An input image transfer method will be described with reference to FIG. 11 .
For example, in the image sensor 11, pixel data of the input image obtained by imaging for each line in the imaging unit 21 is supplied to the storage unit 23 and stored in the frame memory 32 through the line memory 31. Then, the pixel data of the input image is transferred from the frame memory 32 to the input data buffer 41 according to the memory access by the DMA processing unit 24.
A of FIG. 11 is a diagram illustrating a first transfer method (a transfer method not using the shift register 62) of transferring pixel data of an input image according to the number of filter coefficients.
A of FIG. 11 illustrates an example of a case where nine pieces of pixel data, which is the number of filter coefficients, are transferred using the filter size of the 3×3 array and the number of slides is one pixel. For example, nine pieces of pixel data surrounded by a chain line are transferred from the frame memory 32 to the input data buffer 41. Then, the convolution operation processing for the nine pieces of pixel data is completed, and then the nine pieces of pixel data surrounded by a two-dot chain line are transferred from the frame memory 32 to the input data buffer 41 by shifting by one pixel which is the number of slides.
B of FIG. 11 is a diagram illustrating a second transfer method of dividing an input image into a plurality of tiles and transferring pixel data for each of the tiles.
B of FIG. 11 illustrates an example of a case where the input image is divided into four tiles.
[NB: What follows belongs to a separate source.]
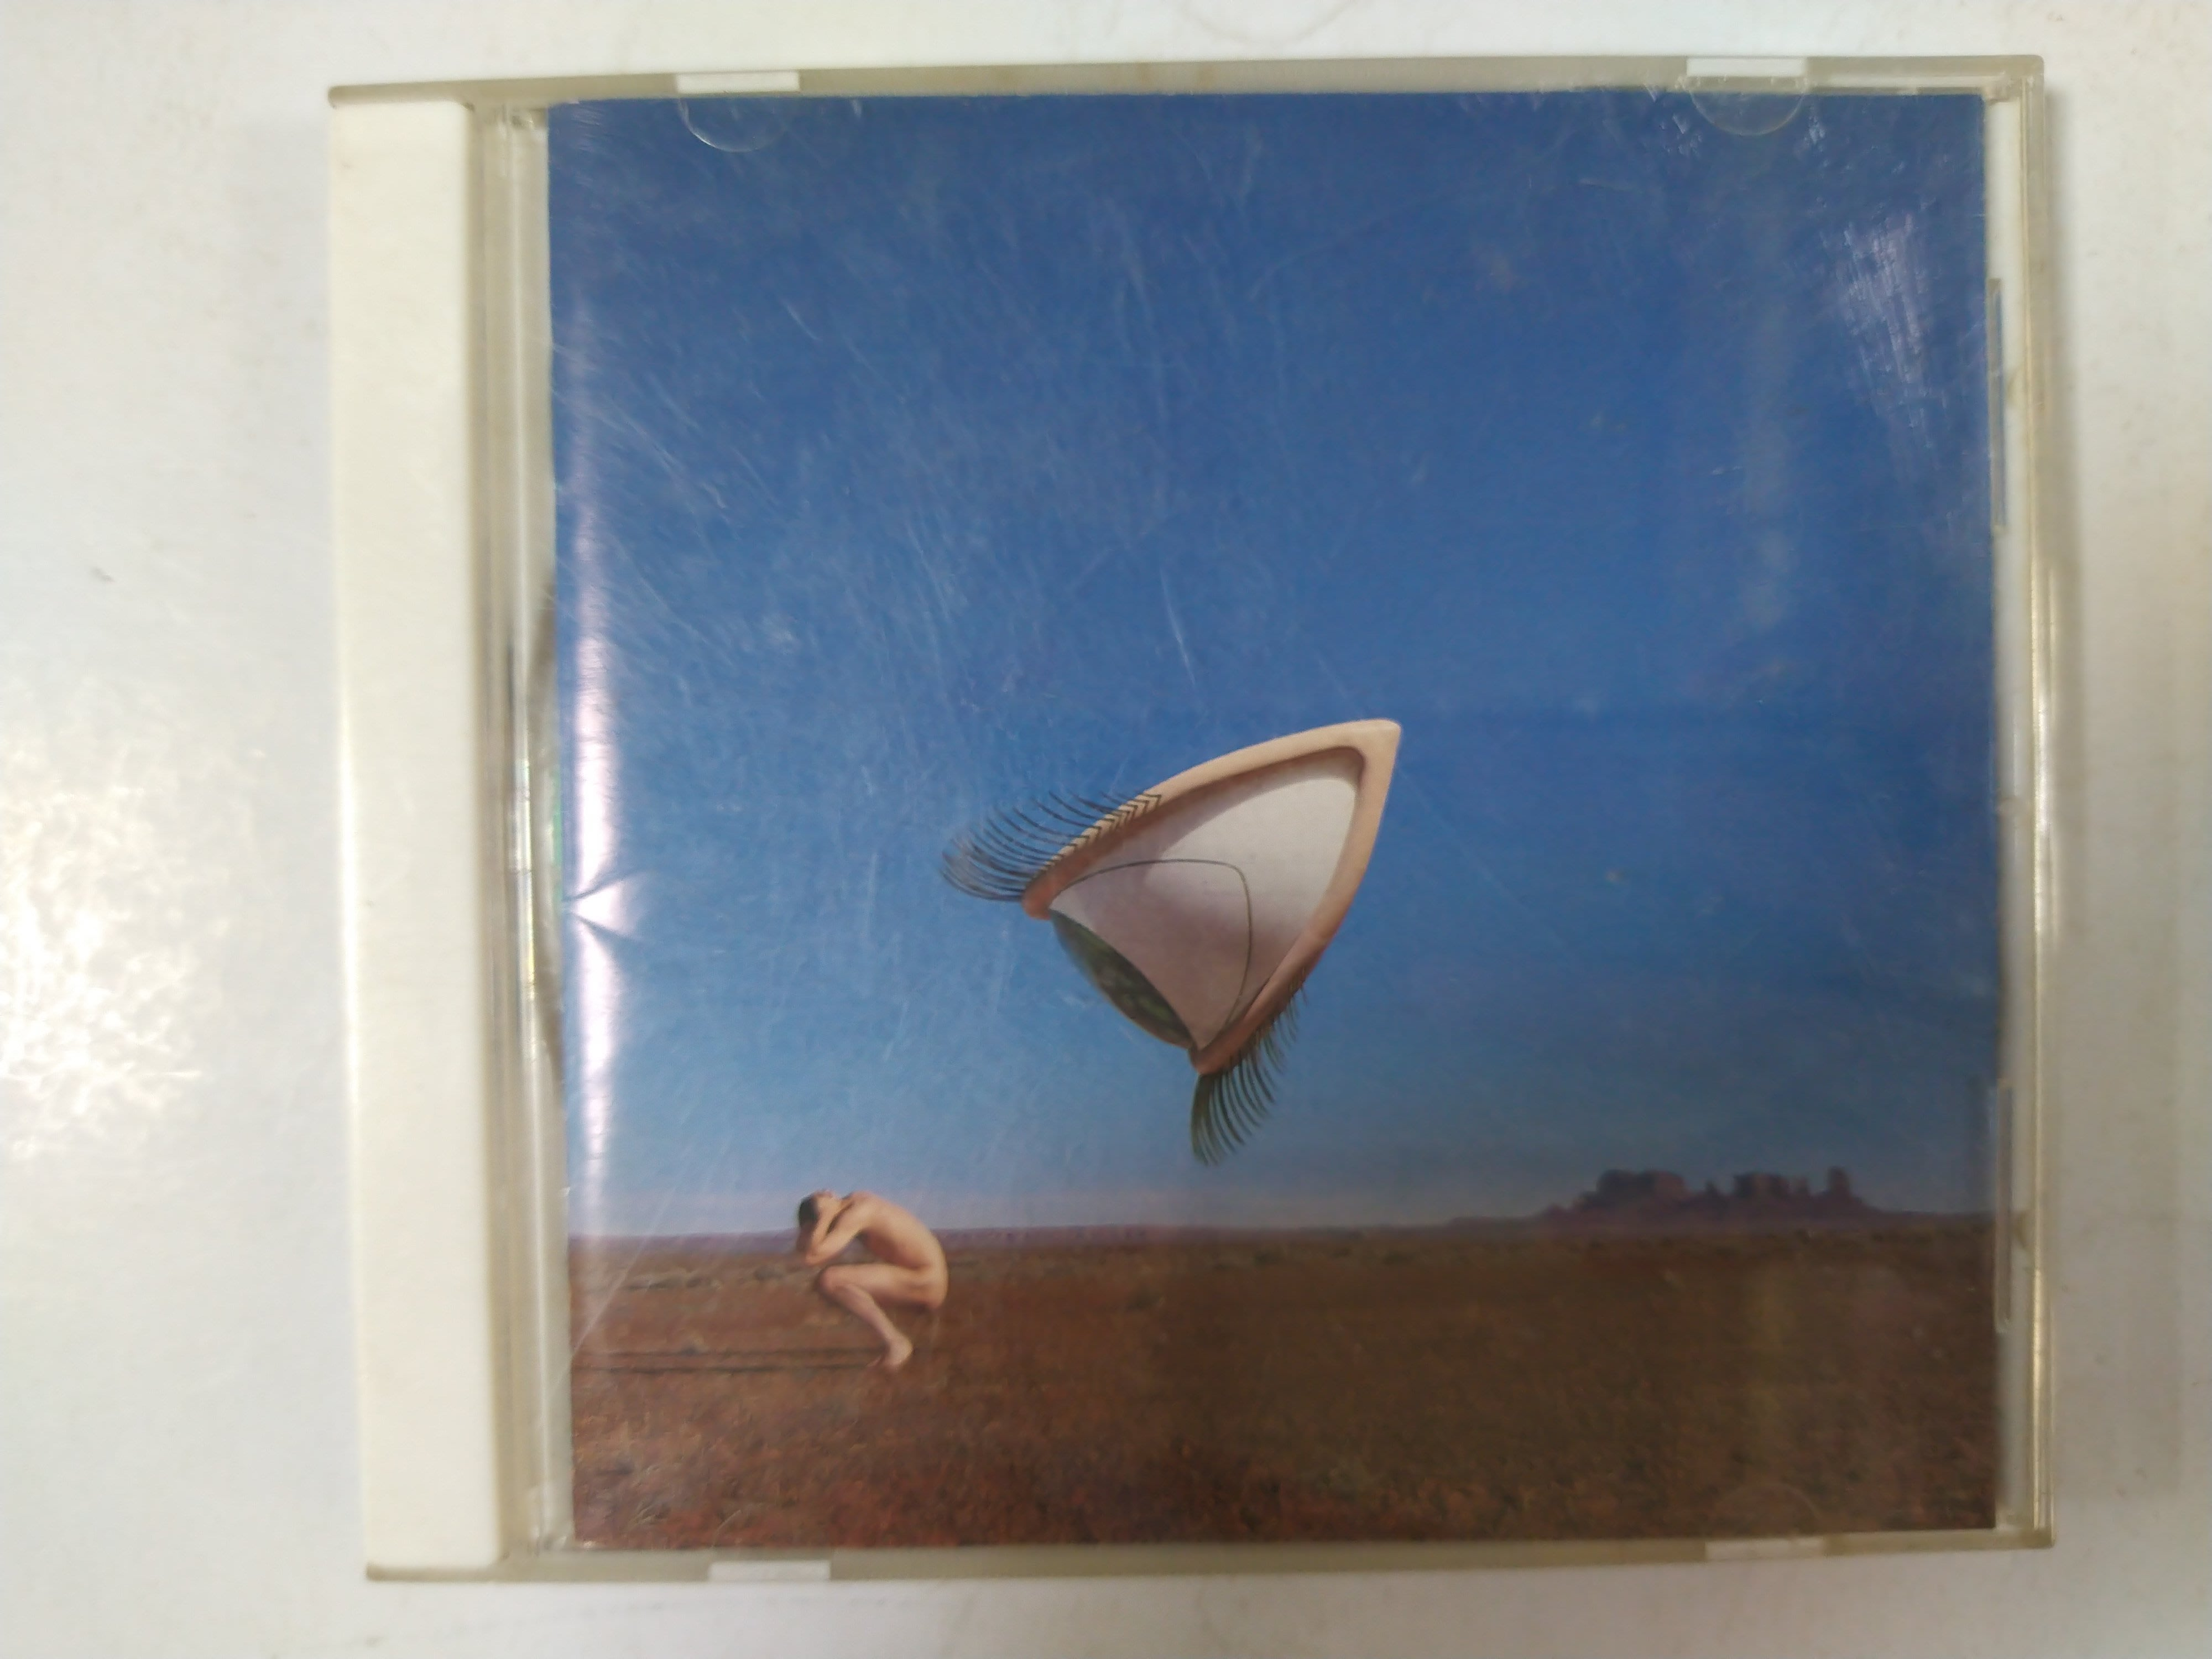 昀嫣音樂(CD6) THE CRANBERRIES : BURY THE HATCHET 1999年 EU壓片 片況如圖

For example, pixel data surrounded by a broken line is set as one tile, and the pixel data of the tile is transferred from the frame memory 32 to the input data buffer 41. Then, the convolution operation processing for the pixel data of the tile is completed, and then the pixel data of the next tile is transferred from the frame memory 32 to the input data buffer 41 with the next tile as a processing target.
C of FIG. 11 is a diagram illustrating a third transfer method of transferring all the pixel data of the input image.
All pixel data of the input image surrounded by a broken line in C of FIG. 11 is transferred from the frame memory 32 to the input data buffer 41.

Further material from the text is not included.